12 Forecasting Model for Network Throughput of Remote Data Access in Computing Grids [abstract]
Abstract: Computing grids are one of the key enablers of computational science. Researchers from many fields (High Energy Physics, Bioinformatics, Climatology, etc.) employ grids for execution of distributed computational jobs. Such computing workloads are typically data-intensive. The current state of the art approach for data access in grids is data placement: a job is scheduled to run at a specific data center, and its execution commences only when the complete input data has been transferred there. An alternative approach is remote data access: a job may stream the input data directly from storage elements. Remote data access brings two innovative benefits: (1) the jobs can be executed asynchronously with respect to the data transfer; (2) when combined with data placement on the policy level, it may help to optimize the network load grid-wide, since these two data access methodologies partially exhibit nonoverlapping bottlenecks. However, in order to employ such a technique systematically, the properties of its network throughput need to be studied carefully. This paper presents results of experimental identification of parameters influencing the throughput of remote data access, a statistically tested formalization of these parameters and a derived throughput forecasting model. The model is applicable to large computing workloads, robust with respect to arbitrary dynamic changes in the grid infrastructure and exhibits a long-term forecasting horizon. Its purpose is to assist various stakeholders of the grid in decision-making related to data access patterns. This work is based on measurements taken on the Worldwide LHC Computing Grid at CERN.
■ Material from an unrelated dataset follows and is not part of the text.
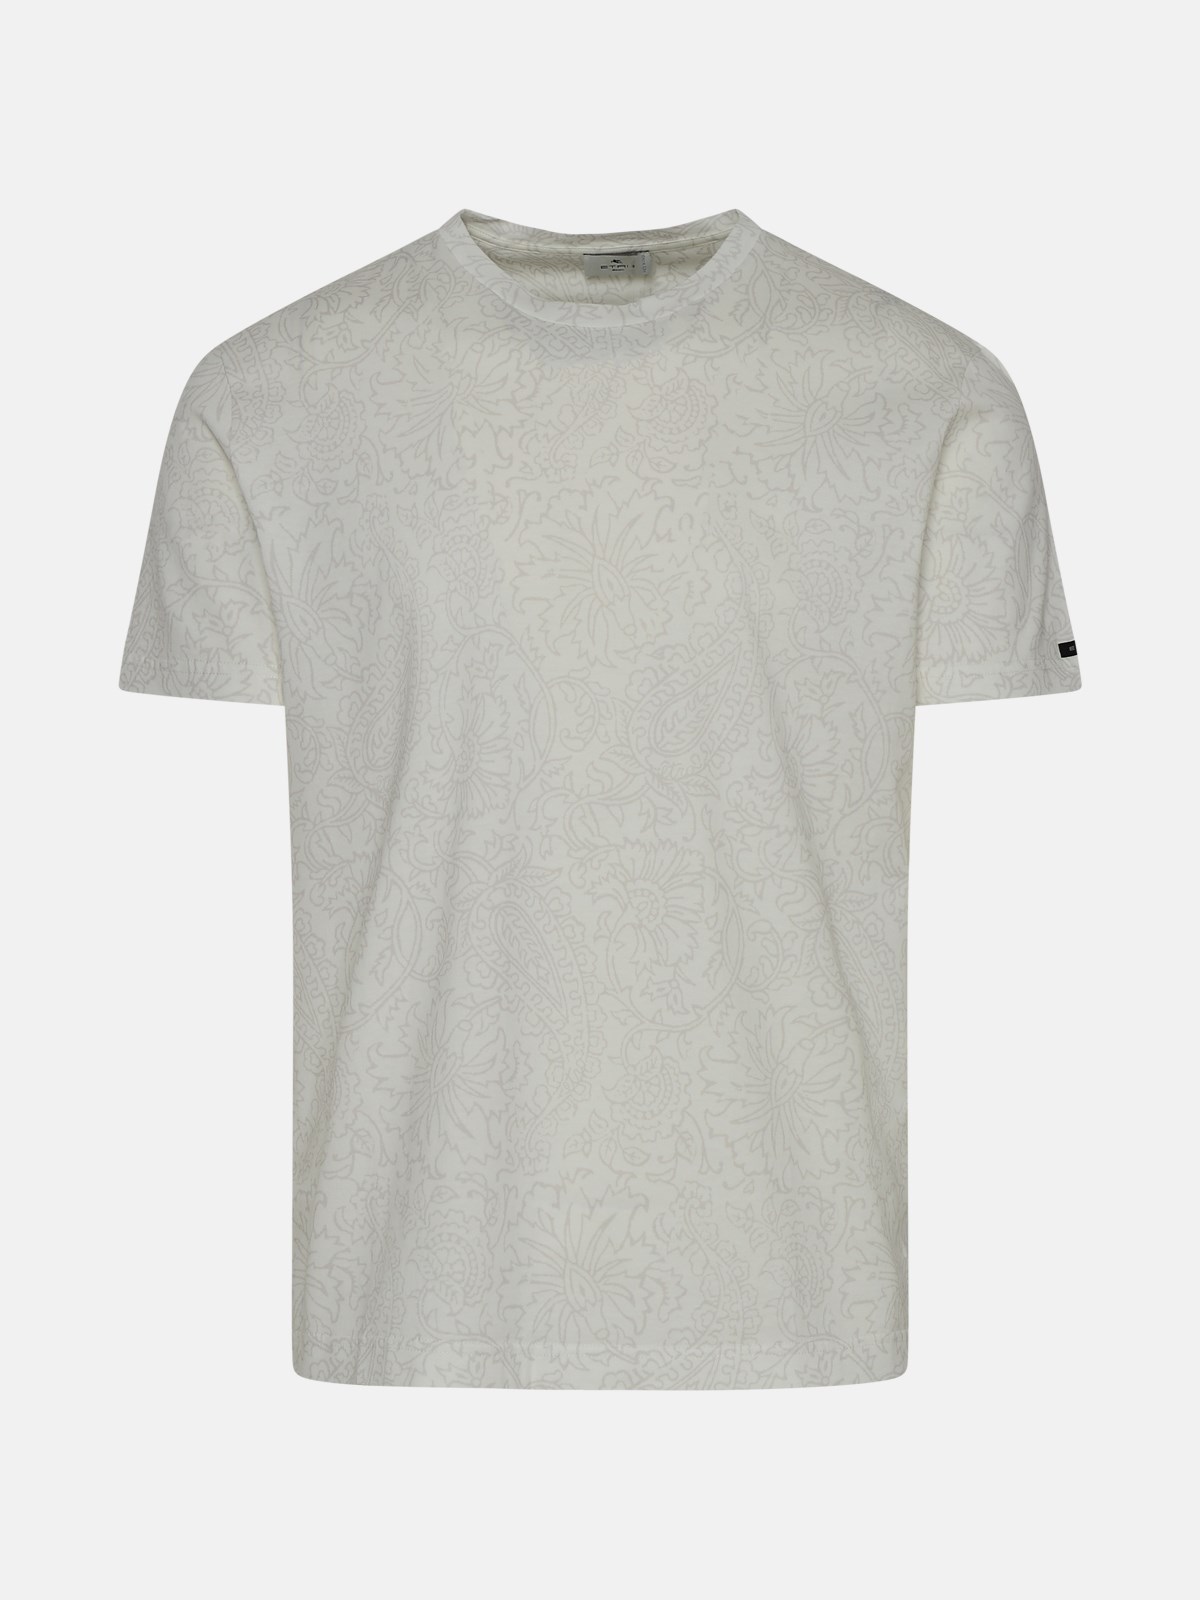 Etro White Cotton T-shirt

Volodimir Begy, Martin Barisits, Mario Lassnig and Erich Schikuta
408 Collaborative Simulation Development Accelerated by Cloud Based Computing and Software as a Service Model [abstract]
Abstract: Simulations are increasingly used in pharmaceutical development to deliver medicines to patients more quickly; more efficiently; and with better designs, safety, and effect. These simulations need high performance computing resources as well as a variety of software to model the processes and effects on the pharmaceutical product at various scales of scrutiny: from the atomic scale to the entire production process. The demand curve for these resources has many peaks and can shift in a time scale much faster than a typical procurement process. Both on-demand cloud based computing capability and software as a service models have been growing in use. This presentation describes the efforts of the Enabling Technology Consortium to apply these information technology models to pharmaceutical simulations which have special needs of documentation and security. It is expected that the environment will have more benefits as the cloud can be configured for collaborative work among companies in the non-competitive space and all the work can be made available for use by contract service vendors or health authorities. The expected benefits of this computing environment include economies of scale for both the providers and the consumer, increased resources and for consumers by the information available to accelerate and improve delivery of pharmaceutical products.
Howard Stamato
487 Accurately Simulating Energy Consumption of I/O-intensive Scientific Workflows [abstract]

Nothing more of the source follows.